Трагедия, разыгранная на сцене, заставляла зрителей не только сопереживать героям спектакля, но и давала сильнейший эмоциональный заряд. «Когда Юрий Любимов в Театре на Таганке брался за постановку „А зори здесь тихие…“, — рассказывает Борис Васильев, — он мне сказал: „Мы должны сделать так, чтобы люди у нас не плакали, а молча ушли домой с неким эмоциональным зарядом. Дома пусть рыдают, вспоминая“. Я потом смотрел несколько спектаклей подряд. В зале не было пролито ни одной слезинки. Люди уходили потрясенные. Трагедия очищает душу через мучительные сопереживания героям»[193]
.Однако слезы удавалось сдержать все-таки не всегда и не всем зрителям. Вот одно из свидетельств: «Четырнадцати лет от роду я увидел спектакль Юрия Петровича Любимова в Театре на Таганке. Он потряс меня. Я рыдал в голос! И меня не вывели только потому, что рыдали все. Это были „А зори здесь тихие…“, и никогда потом я не выходил из театра настолько ошарашенным»[194]
.«…я хочу сказать, что испытываю огромное ощущение гордости за причастность к этому спектаклю, за что — моя глубокая благодарность этому театру».
Что же вызывало у зрителей такую реакцию? Мы этого не поймем, пока не попытаемся представить себе основные моменты спектакля.
«Спектакль „А зори здесь тихие….“ начинается прямо в фойе. Навстречу нарядной публике, спешащей в зал, вдруг, как бы из прошлого, выходит человек в потертой гимнастерке. Шум оживленных голосов пронзает сирена. Ее звук больно отзывается в сердце. Тревога!»[196]
«Сирена „воздушной тревоги“ загоняет зрителей в зал как в бомбоубежище. Вход в него завешен куском жесткого брезента. Вы вынуждены нагнуть голову, касаясь грубой фактуры войны. Вы входите в театр поклонившись.
На пустой сцене стоит почти в натуральную величину дощатый кузов грузовика военных лет с номером на борту: „ИХ 16–06“. Это единственная декорация художника театра Давида Боровского»[197]
.«…станут в нем [в грузовике] на колени одетые в армейскую форму девушки, помашет им рукой майор, послышится чихание мотора, откинутся все вместе — значит, поехали… Разберут кузов, подвесят доски одним концом на тросы, полуприподнимут, зашевелятся они мерно вверх-вниз — и вот перед нами уже топь, страшная, колышущаяся, живая…»[198]
.«Сценические метафоры следуют одна за другой; и в одно мгновение площадка грузовика превращается то в огневую точку — пламенем вспыхивают жерла зениток, то в солнечную полянку, а то и в походную баню — кузов грузовика приподнят, видны только обнаженные руки и ноги девушек, слышен плеск воды и громкий заразительный хохот… Зритель за час вволю насмотрится таких контрастных эпизодов и научится отгадывать по деталям и ритму реальную картину действия»[199]

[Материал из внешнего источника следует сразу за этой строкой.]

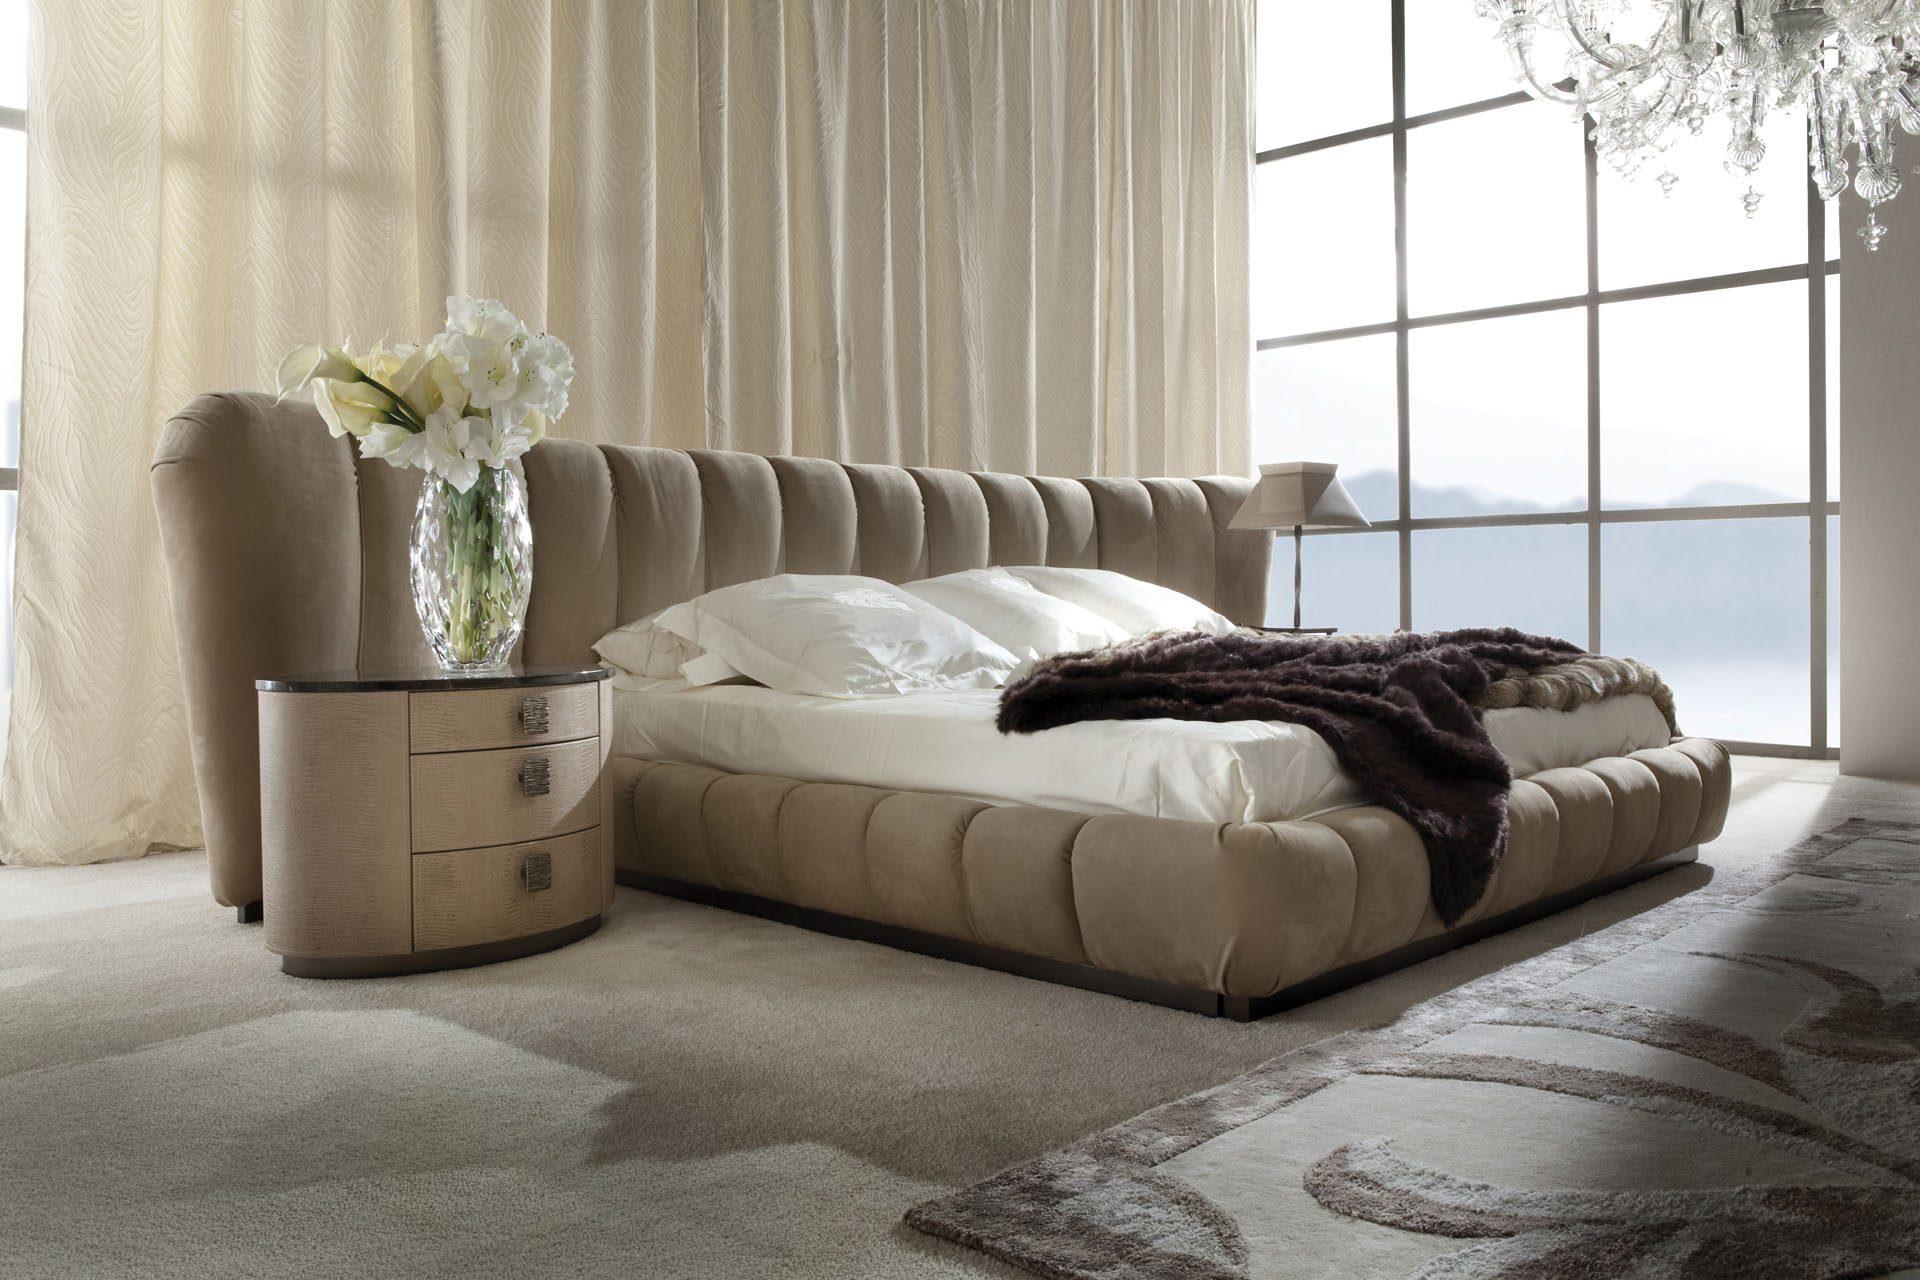 Lifetime Bed

.«Чтобы увидеть все это, вовсе не приходится напрягать воображение, скорее его пришлось бы напрячь, чтобы представить, что перед нами всего-навсего доски. Это не просто удачное режиссерское „решение“ — это поэтическое видение мира, обладающее своей метафорической природой. Любимов не скрывает того, что его искусство зиждется на притворстве. Наоборот, он решительно обнажает это.
Спектаклю свойственна подчеркнутая условность. Однако в „Зорях“ режиссер не менее часто прибегает к безусловному. Прежде всего — это тела молодых девушек, жадно тянущиеся к солнцу, как все живое, чему еще предстоит расцвести в полную силу…
На скрещении обнаженной условности и обнаженного естества и вспыхивают в „Зорях“ сценические метафоры. Конечно, приподнятые вверх борта кузова назвать стенами бани можно лишь весьма условно, но торчат из-под них голые ноги, мелькают над ними веники да голые плечи — и вот уже образ бани вольно или невольно возникает перед зрителями.
В „Зорях“ едва ли не в каждом эпизоде есть какая-нибудь физически достоверная деталь, которая бросается в глаза и создает впечатление непреложности сценического бытия: расчесывает густые волосы Женя Комелькова, бреется в засаде Васков — и возникает своеобразный контрапункт всамделишного и театрального.